Since 1997, California Evidence Code section 1119 and following have barred the admissibility, discovery or compelled disclosure of statements, admissions or writings made “in the course of, or pursuant to, a mediation or mediation consulting” with only a few exceptions largely involving the parties’ consent, and further providing that “communications, negotiations or settlement discussions by and between participants in the course of a mediation or mediation consultation shall remain confidential.”
For a long time, it has been the practice of mediators to so notify the parties to a mediation and, often, to require them to sign a confidentiality agreement. A typical example of one of these agreements (the one used by Bruce Nye Mediation) is here.
On September 11, Governor Jerry Brown signed Senate Bill 954, effective January 1, 2019, which is designed to increase the likelihood of confidentiality rules being followed.
Design of this change to the law began with the Cal Supremes’ decision in Cassel v. Superior Court (2011) 51 Cal.4th 113. Cassel was a legal malpractice case. The plaintiff settled a case during mediation, then sued his attorneys for malpractice, breach of fiduciary duty, fraud and breach of contract. The Supremes held that the mediation confidentiality statutes were such that all evidence of attorney/client communications just before and during the mediation process were inadmissible.
In response, the Legislature directed the California Law Revision Commission (“CLRC”) to study the relationship between mediation confidentiality and attorney malpractice and to make a recommendation. After a 5 year study the CLRC recommended a statutory change to permit disclosure of otherwise confidential communications in a disciplinary proceeding of the State Bar or a cause of action for damages based upon a claim of malpractice, if the evidence was relevant to prove or disprove an allegation.
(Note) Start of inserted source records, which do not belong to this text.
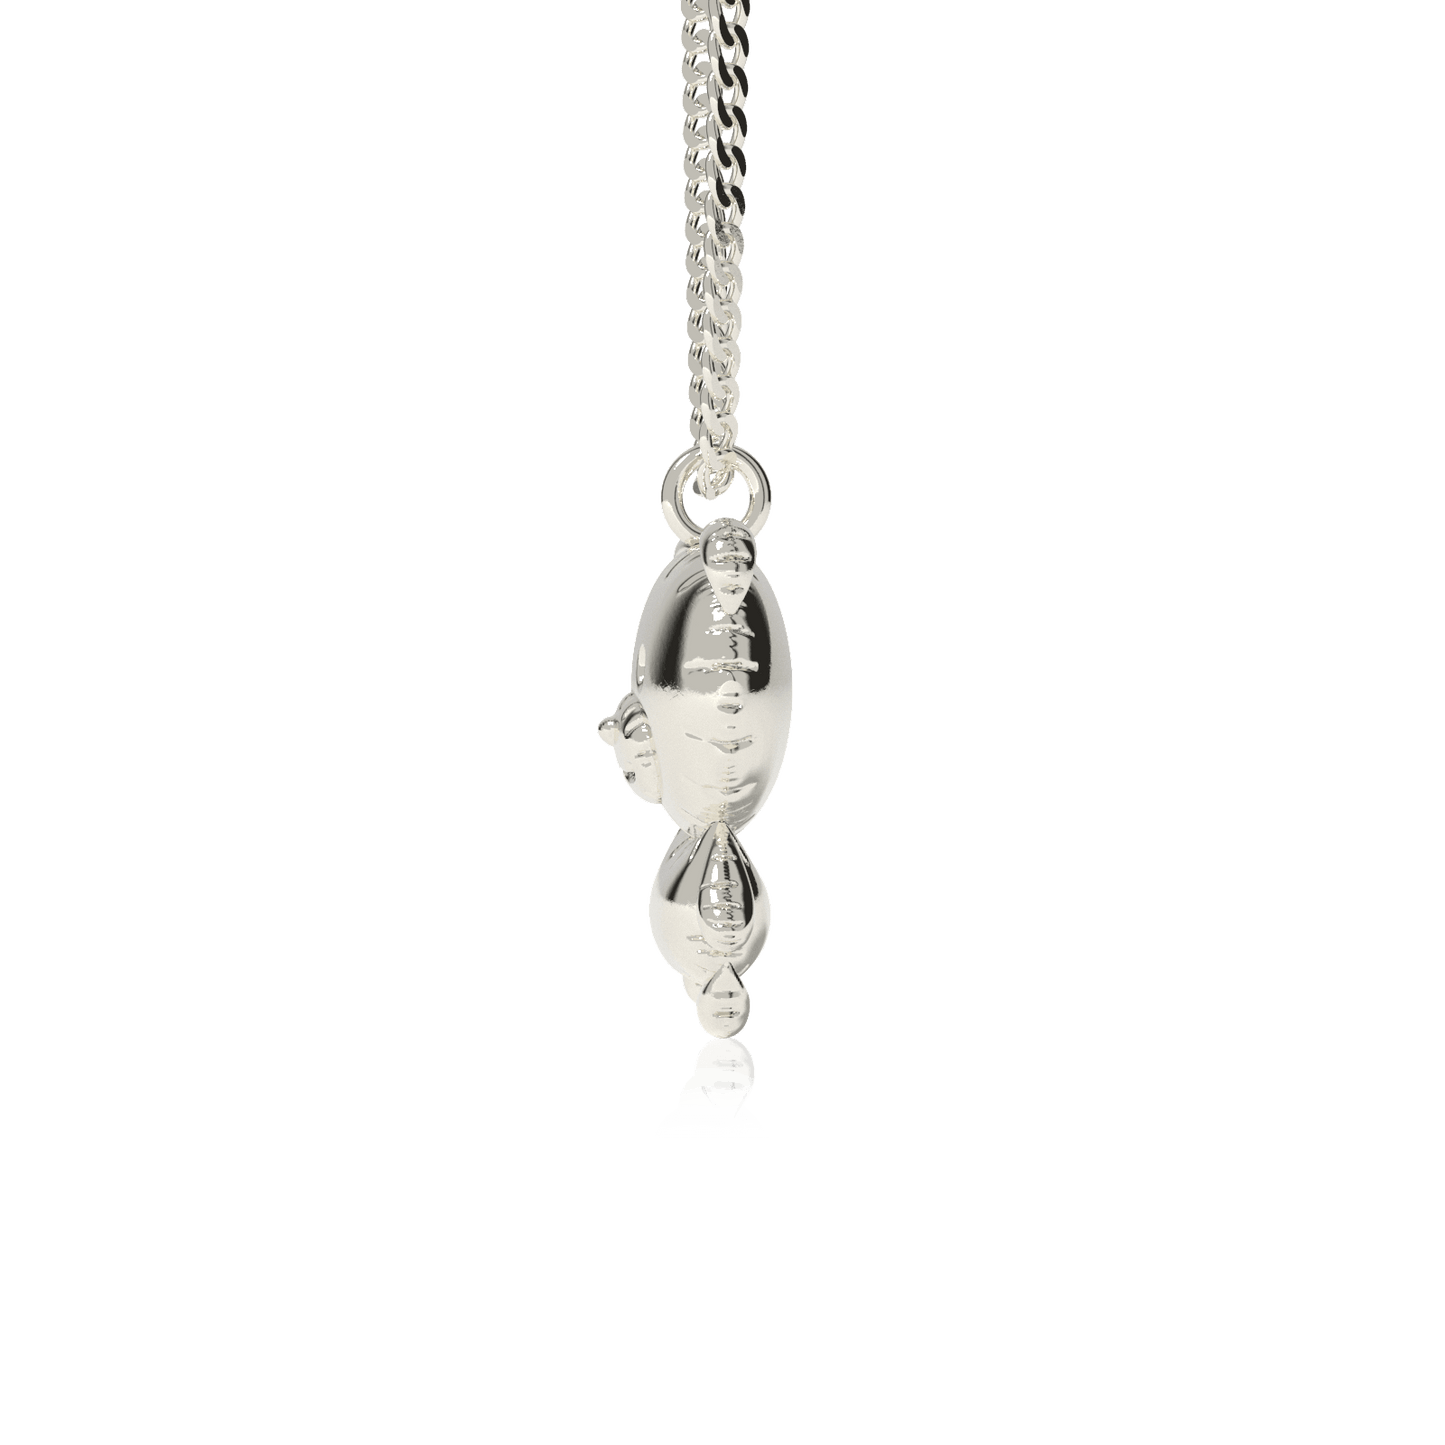 Balloon bear necklace - Silver 925
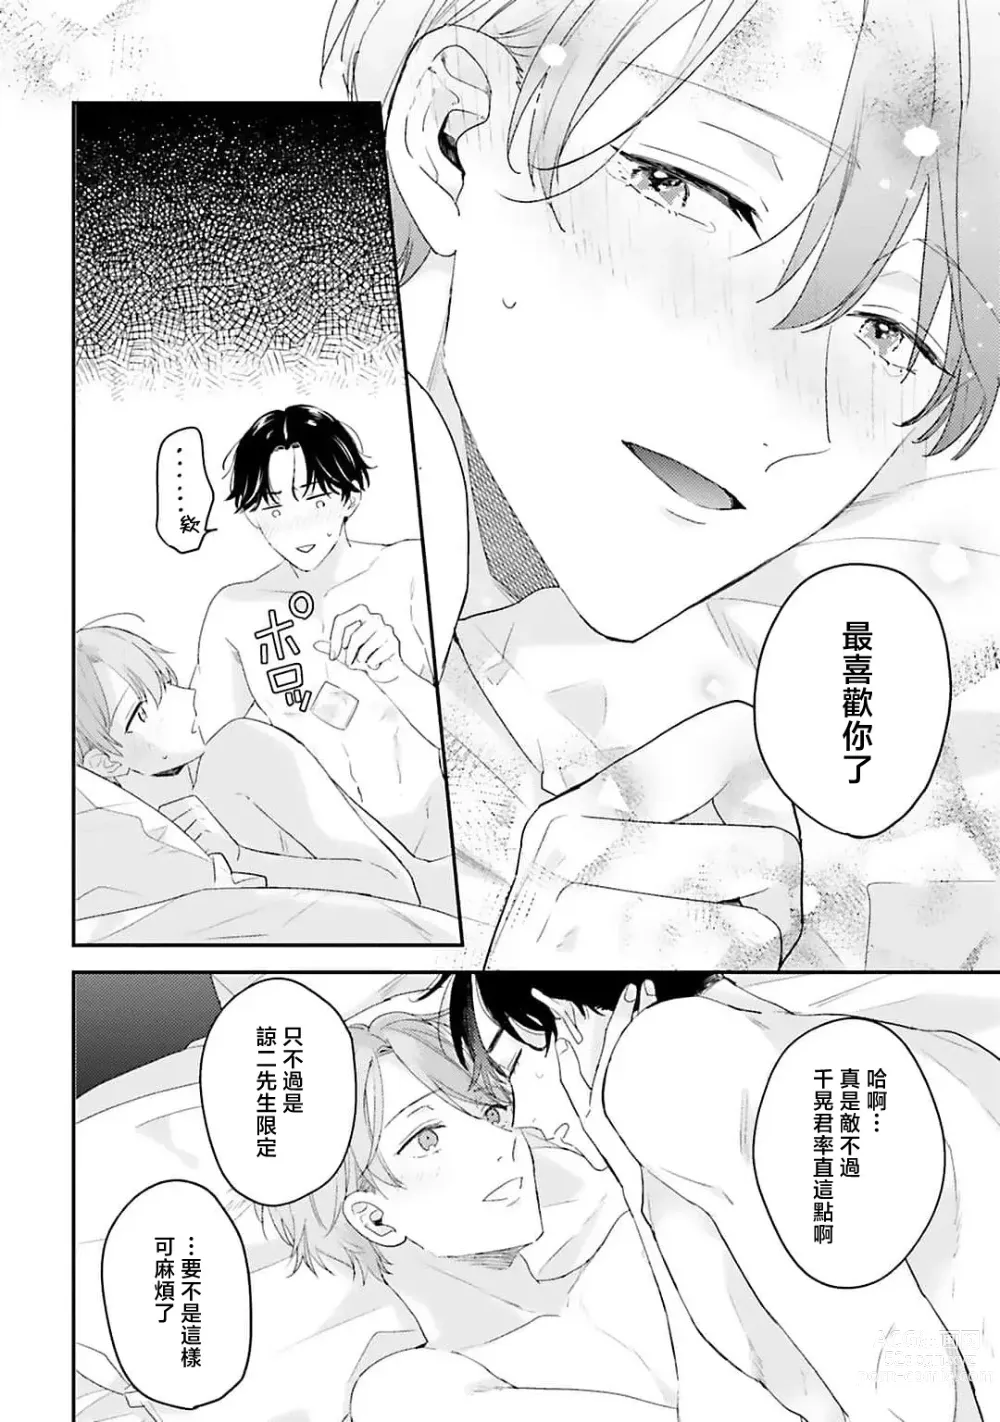 Page 158 of manga 绽放的恋爱皆为醉与甜1-5
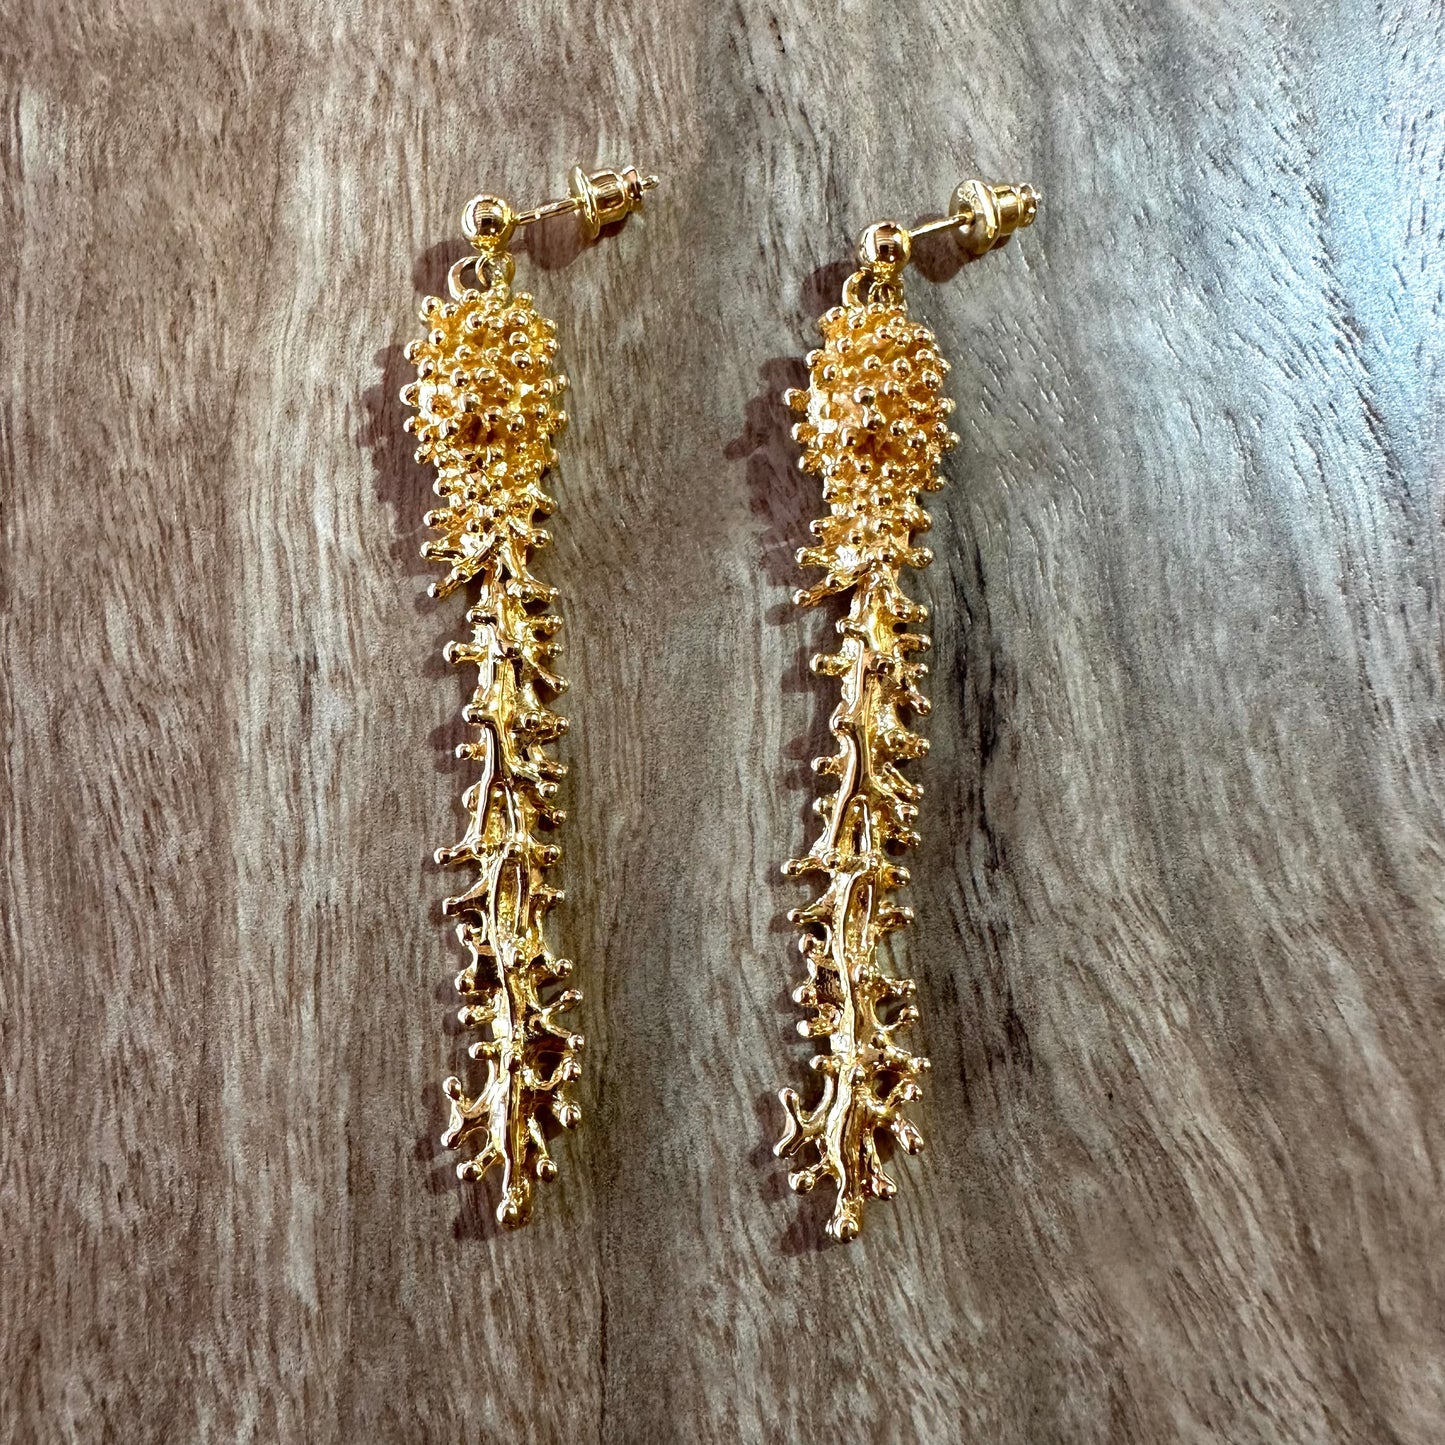 Earrings - Anemone, 18kt Yellow Gold Finish Long Drop

But that recommendation was strongly opposed by attorneys, mediators and judges. So instead, State Senator Bob Wieckowski (D. Fremont) came up with Senate Bill 954, which above all else requires mediating clients to be informed in advance of the mediation confidentiality requirements. Specifically, newly added Evidence Code section 1229 provides that, except for class actions,
[A]n attorney representing a client participating in a mediation or a mediation consultation shall, as soon as reasonably possible before the client agrees to participate in the mediation or mediation consultation, provide that client with a printed disclosure containing the confidentiality restrictions described in Section 1119 and obtain a printed acknowledgment signed by that client stating that he or she has read and understands the confidentiality restrictions.
And
An attorney who is retained after an individual agrees to participate in the mediation or mediation consultation shall, as soon as reasonably possible after being retained, comply with the printed disclosure and acknowledgment requirements described in [the preceding section].
And curiously, the bill describes the specific format for the notification and text of the notification that will deemed compliant: minimum 12-point font, printed on a single page not attached to any other document provided to the client, including the names of the attorney and client and dated signatures by both, and all of the text in this form, now being used by Bruce Nye Mediation.
Finally, while not addressing attorney malpractice, the bill adds one minimal attorney misconduct element to the confidentiality exceptions, amending Evidence Code section 1122 to permit admissibility and disclosure of a communication or writing prepared for the purpose of, in the course of, or pursuant to a mediation or mediation consultation if
The communication, document, or writing is related to an attorney’s compliance with the requirements described in Section 1129 and does not disclose anything said or done or any admission made in the course of the mediation, in which case the communication, document, or writing may be used in an attorney disciplinary proceeding to determine whether the attorney has complied with Section 1129.
So what is the significance? From the point of view of a mediator, (Bruce Nye, aka CalBizLit), it is a good thing to see the legislature continue to understand the importance and valued of mediation confidentiality. And it is also good to see the legislature make clear that it is the attorneys’ obligation to ensure that mediating clients know about the confidentiality.